Risk insights and expertise
Of course, while improving the claims process has significant merit, it’s far better for all concerned if incidents are reduced and prevented from happening in the first place, so QBE is harnessing the power of its claims data and working proactively with its customers and partners to deliver industry specific risk prevention insight and expertise.
Wearable tech
An initiative to help reduce the number of injuries in the workplace comes in the form of QBE’s partnership with wearable technology brand dorsaVI. The brand provides motion sensor technology that monitors postures, repetitive movements, sustained movements and muscle activity. The data gained enables unsafe work practices to be identified and risks flagged early before they result in injury.
“The whole idea is to prevent an incident happening in the first place,” says Kosova. “If we can do that we take a lot of inefficiency out of the system. If someone doesn’t go home injured they get to pick their kids up that night, they get to play sport on the weekend, they go to work the next day.”
Premiums4Good
Premiums4Good is an initiative that sees a portion of customer premiums channelled into investments that have additional social or environmental benefits – with the aim of having US$2bn of impact investments by 2025. Already this has helped a number of impact areas including sustainable energy, financial inclusion, social inclusion, diversity and gender and urban and community development.

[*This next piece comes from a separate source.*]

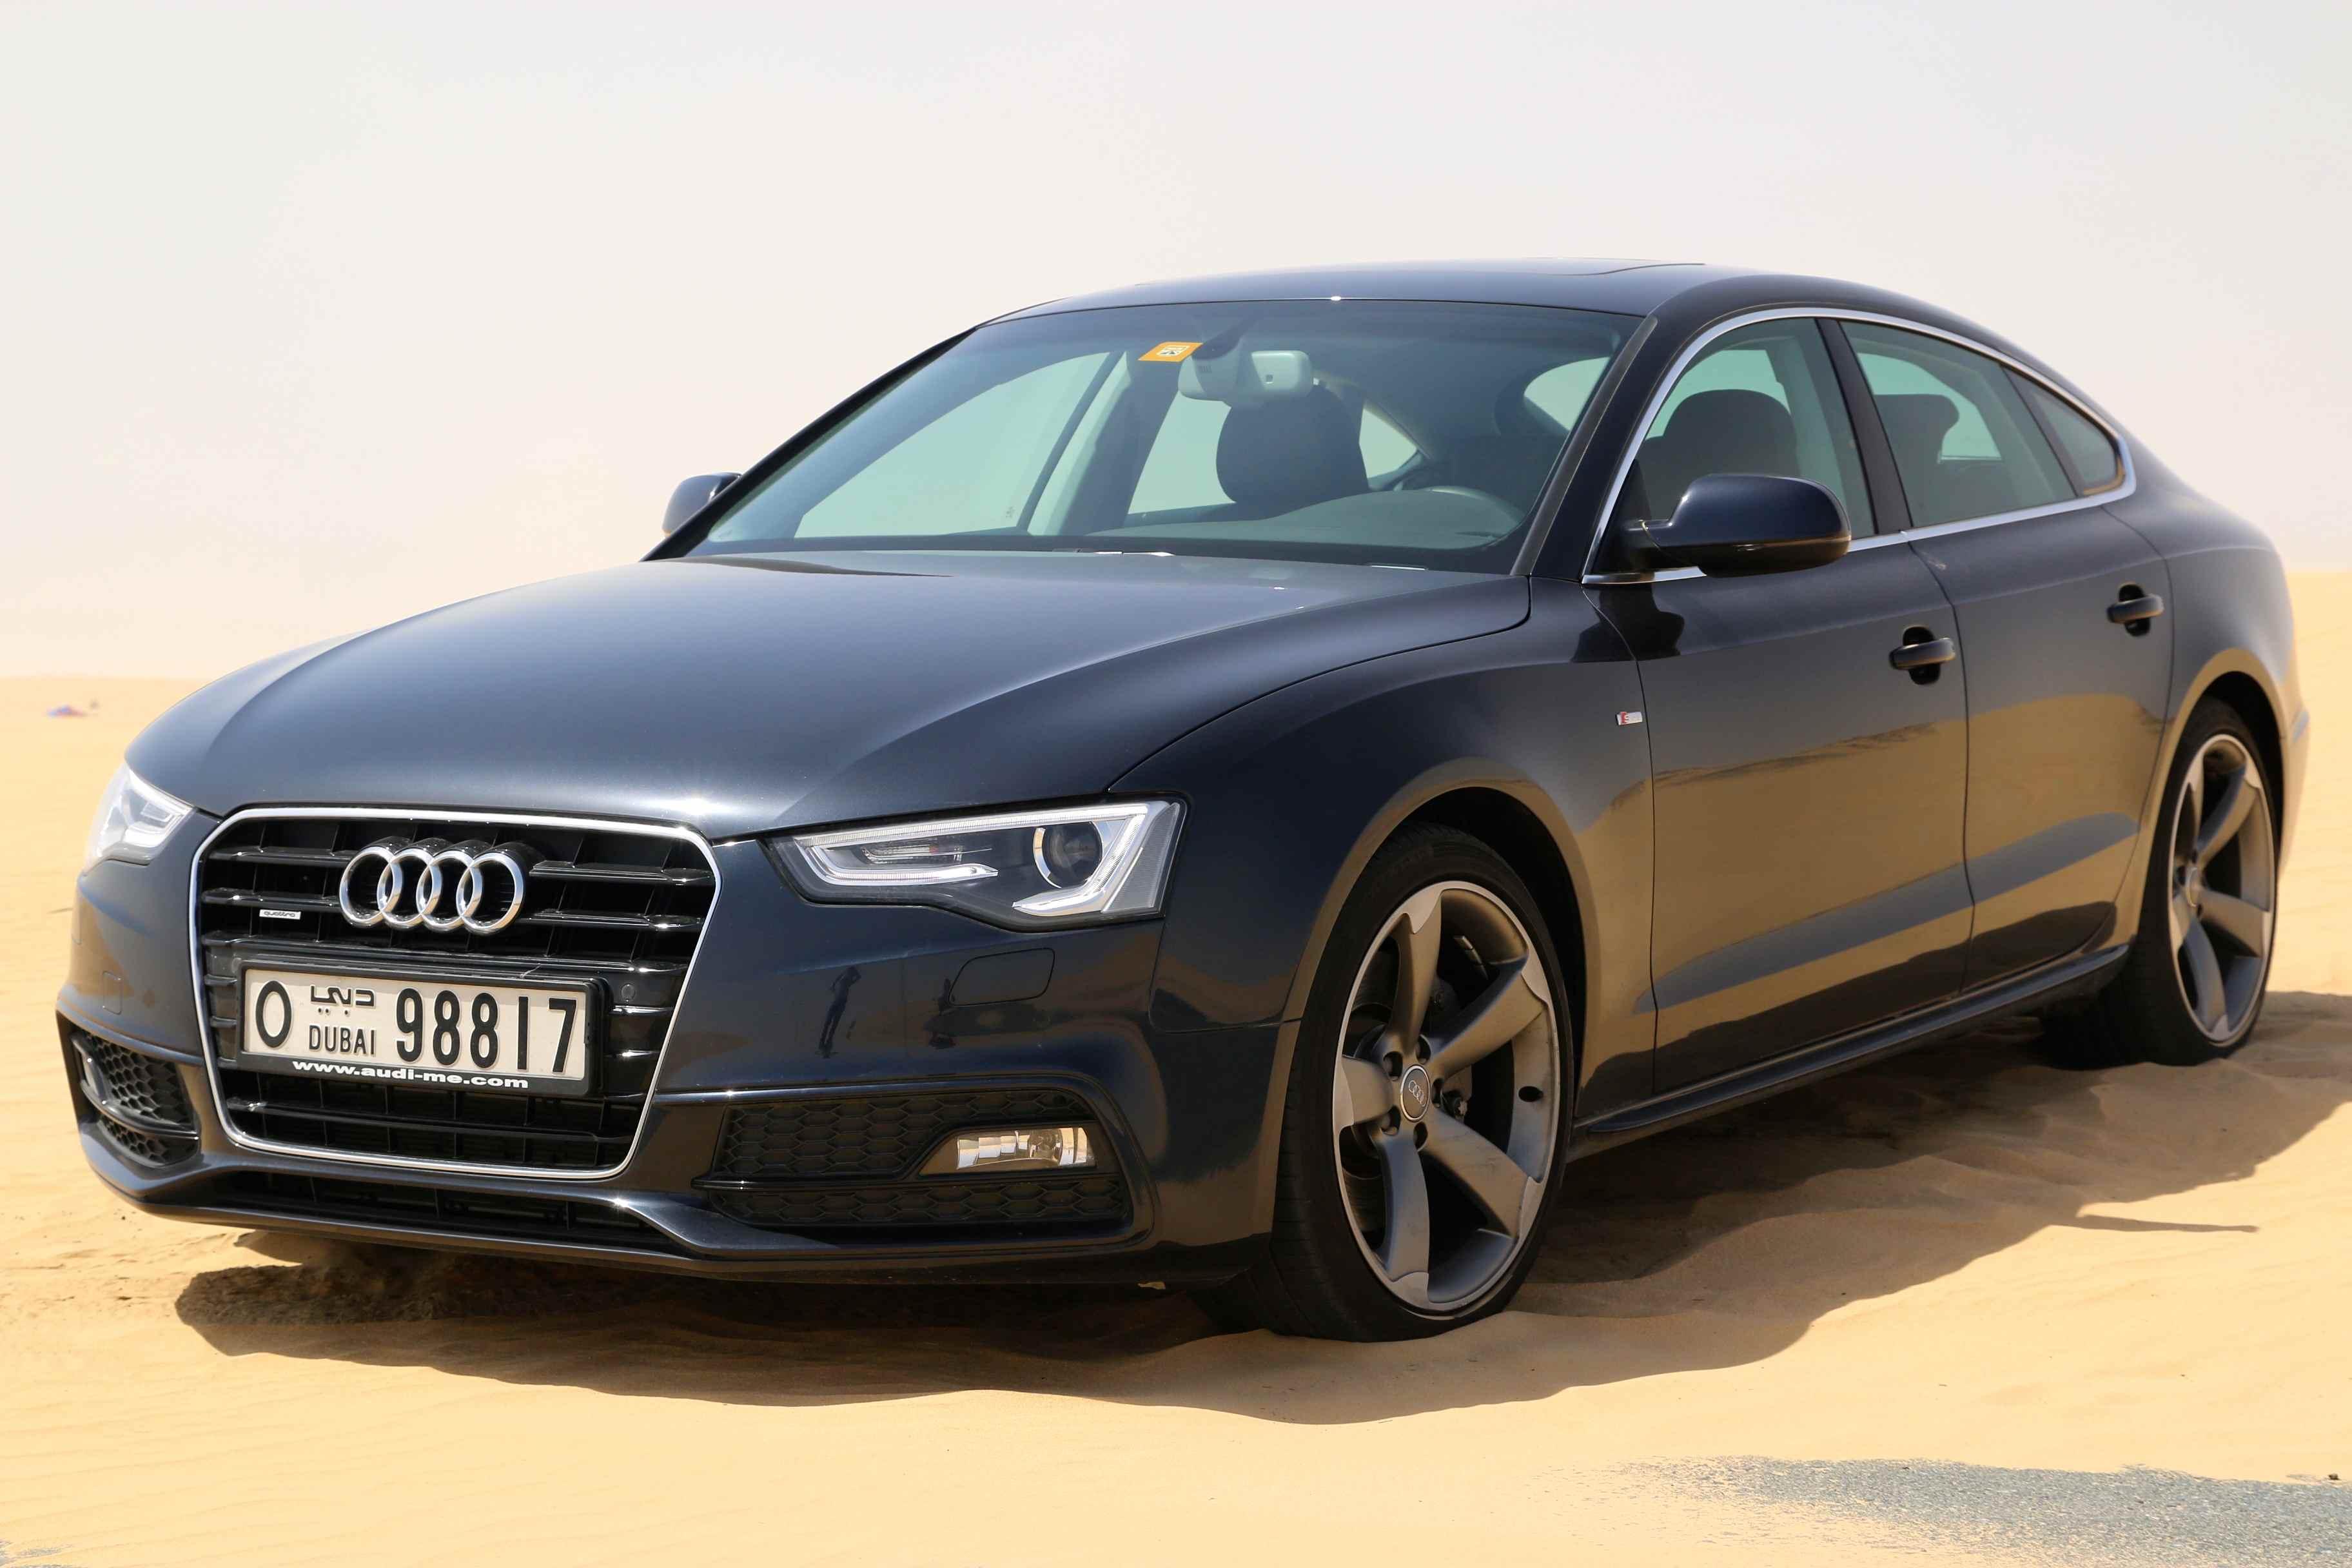 Kelebihan Kekurangan Audi A5 Sportback 2016 Murah Berkualitas

“Customers can opt in to have 25 per cent of their premiums invested in social and environmental sustainability bonds,” explains Kosova. “It doesn’t cost them anything, and it genuinely does good.”

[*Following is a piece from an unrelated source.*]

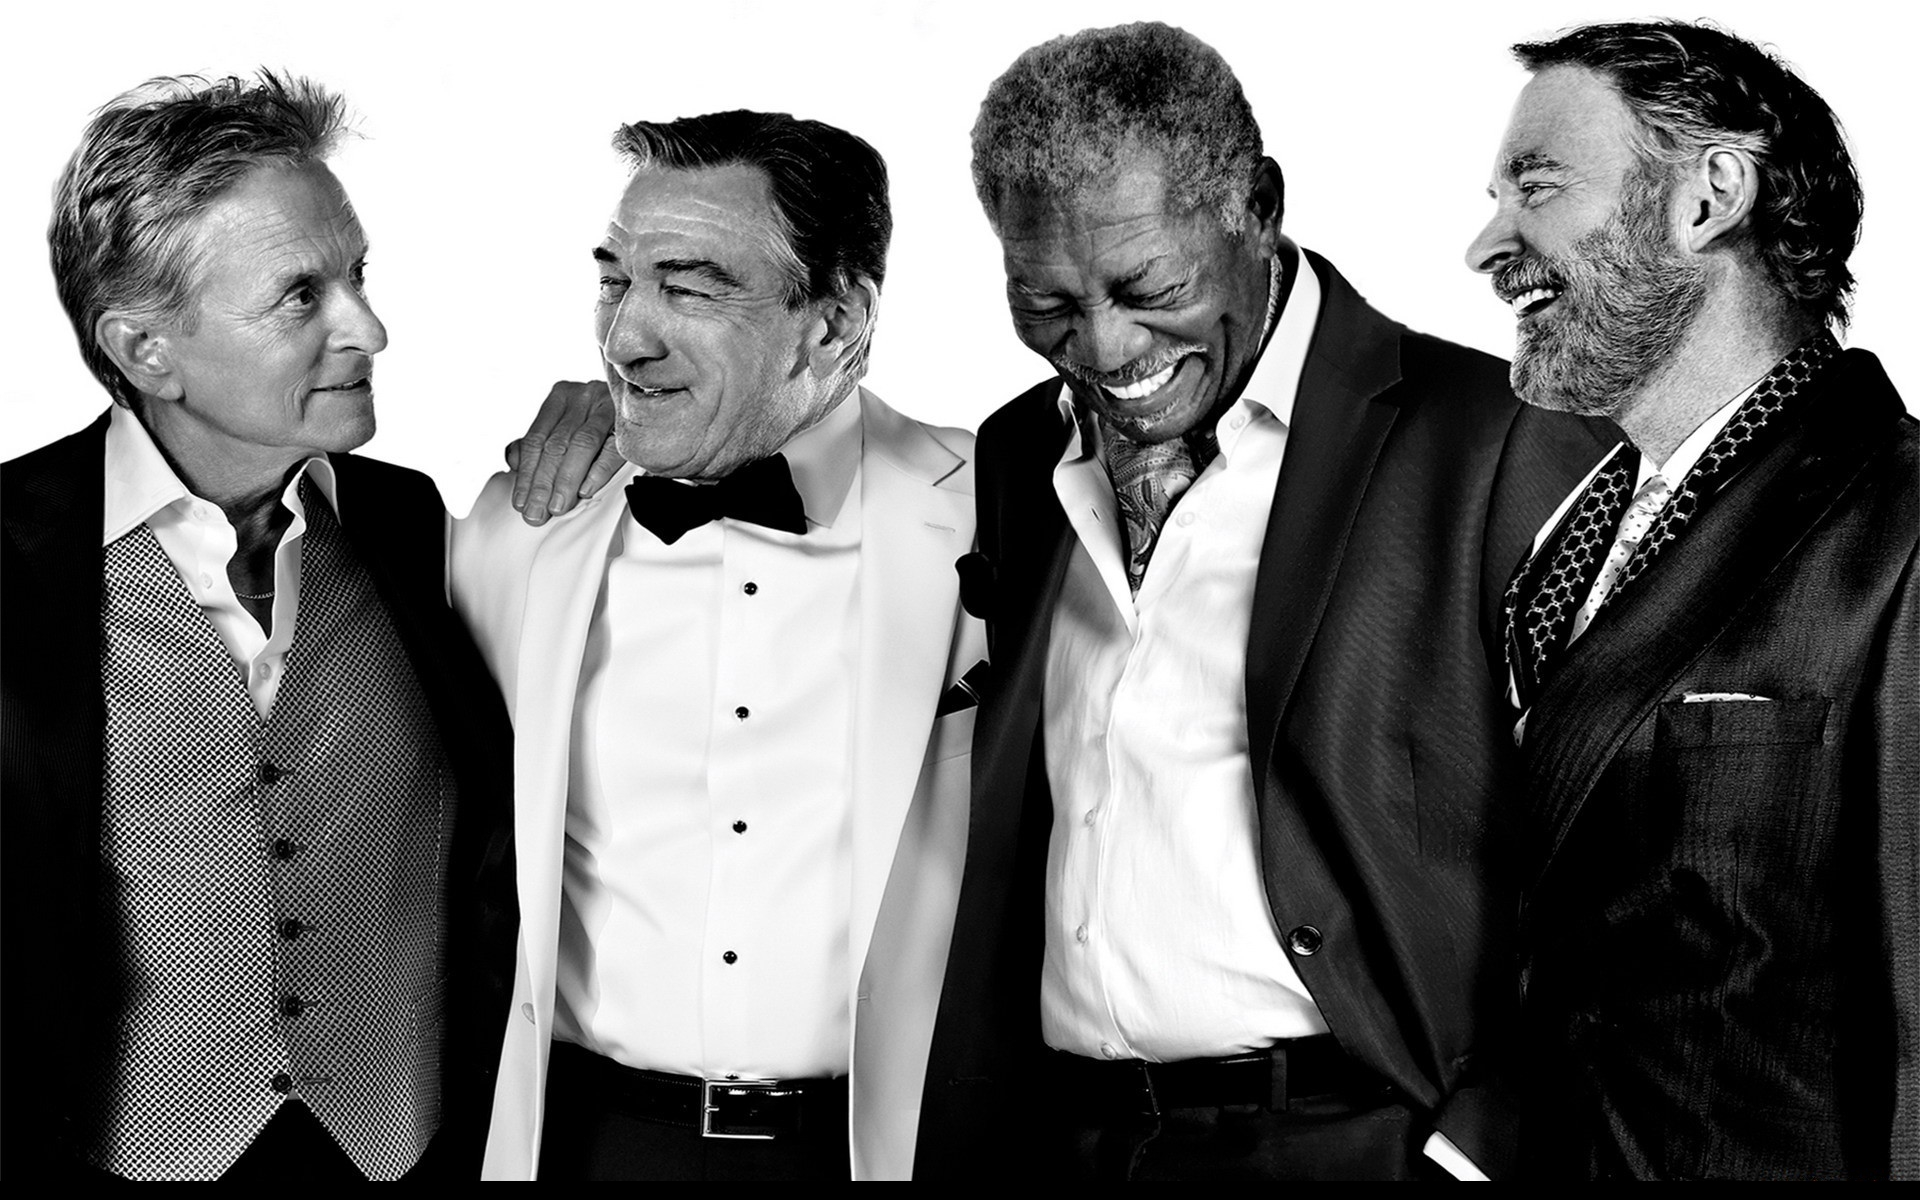 Fonds d'écran Célébrités Homme Robert de Niro

Co-designing bonds with customers
As well as the Premiums4Good environmental and sustainability bonds, QBE has also started externalising its investment expertise to help customers explore their own social impact bonds. The first cab off the rank is with government service delivery partner Serco, which is creating training and employment pathways for Indigenous adolescents.

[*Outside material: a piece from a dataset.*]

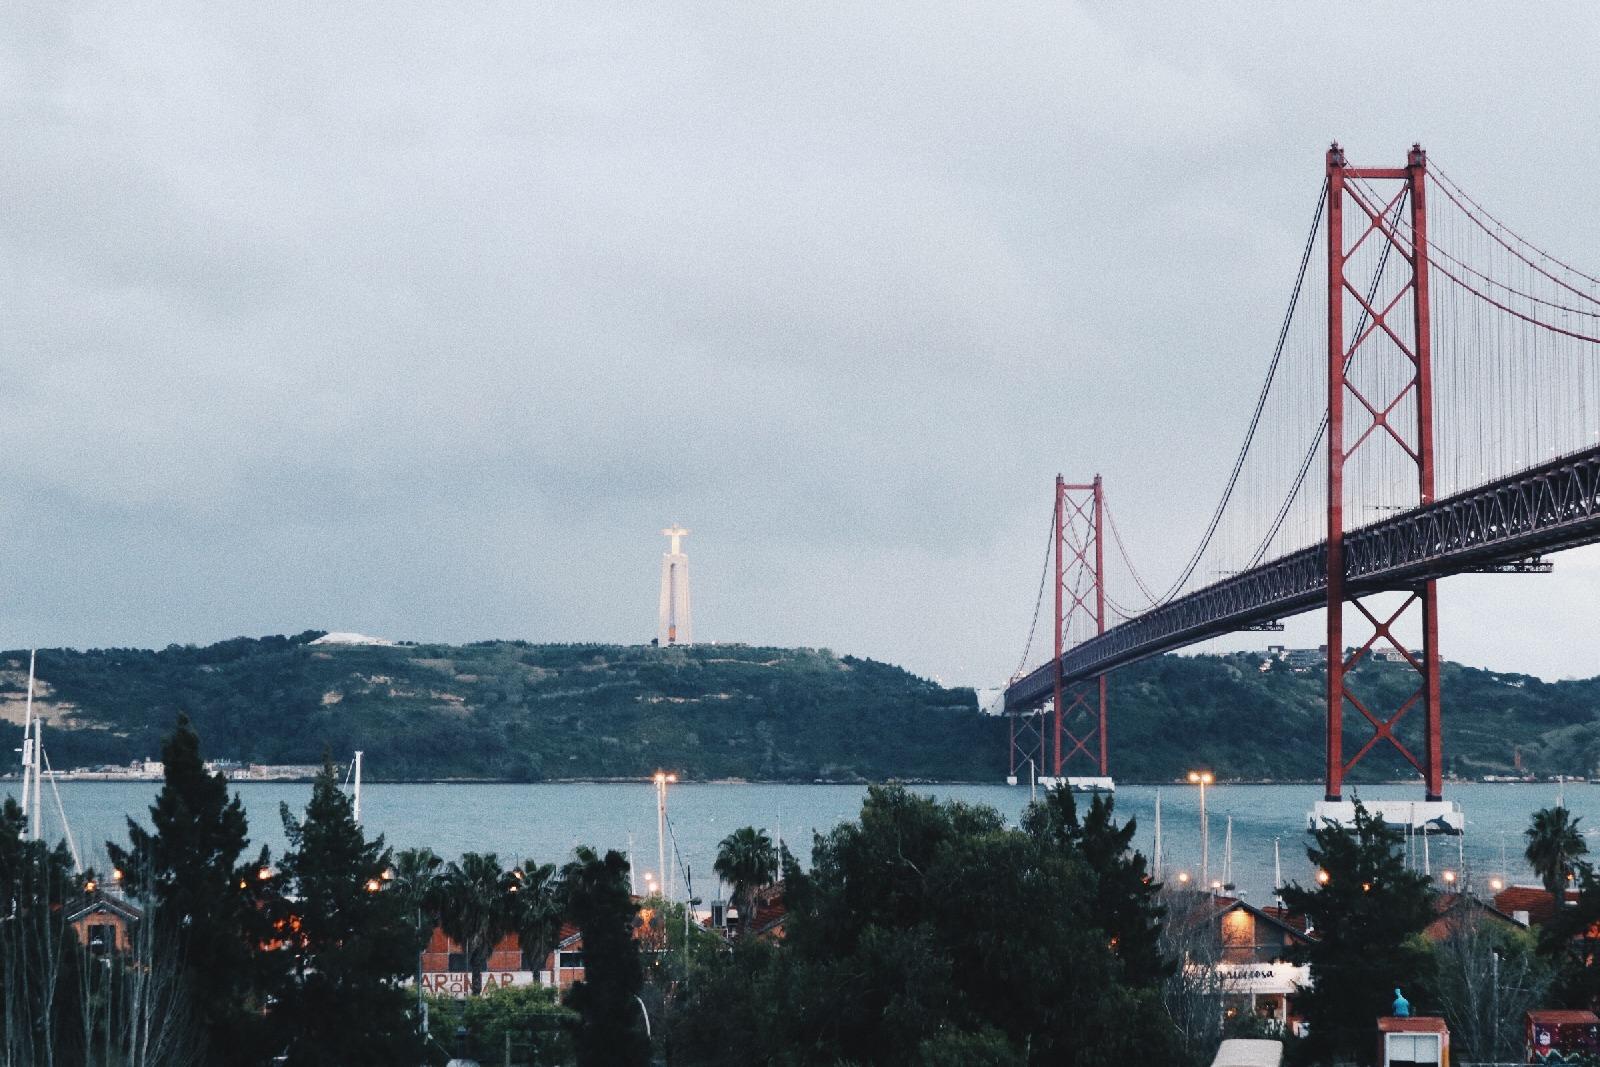 rio maravilha bridge in Lisbon

“We’ve worked with them in a quasi-advisory capacity because the opportunity they have spotted is so powerful, their theory is if you can help Indigenous youth get their driver’s licence and they have access to a vehicle, they are more able to get to job interviews and stay in employment,” explains Kosova. “In combination with NSW Government, Serco is in the process of developing a social impact bond around this, which QBE through its Premium4Good’s program (and other sustainably minded investors) could choose to invest in.”
“It’s not about this warm and fuzzy stuff anymore, it’s about making a real impact and a real difference to our society. By partnering with QBE, we can achieve these ambitions together," he added.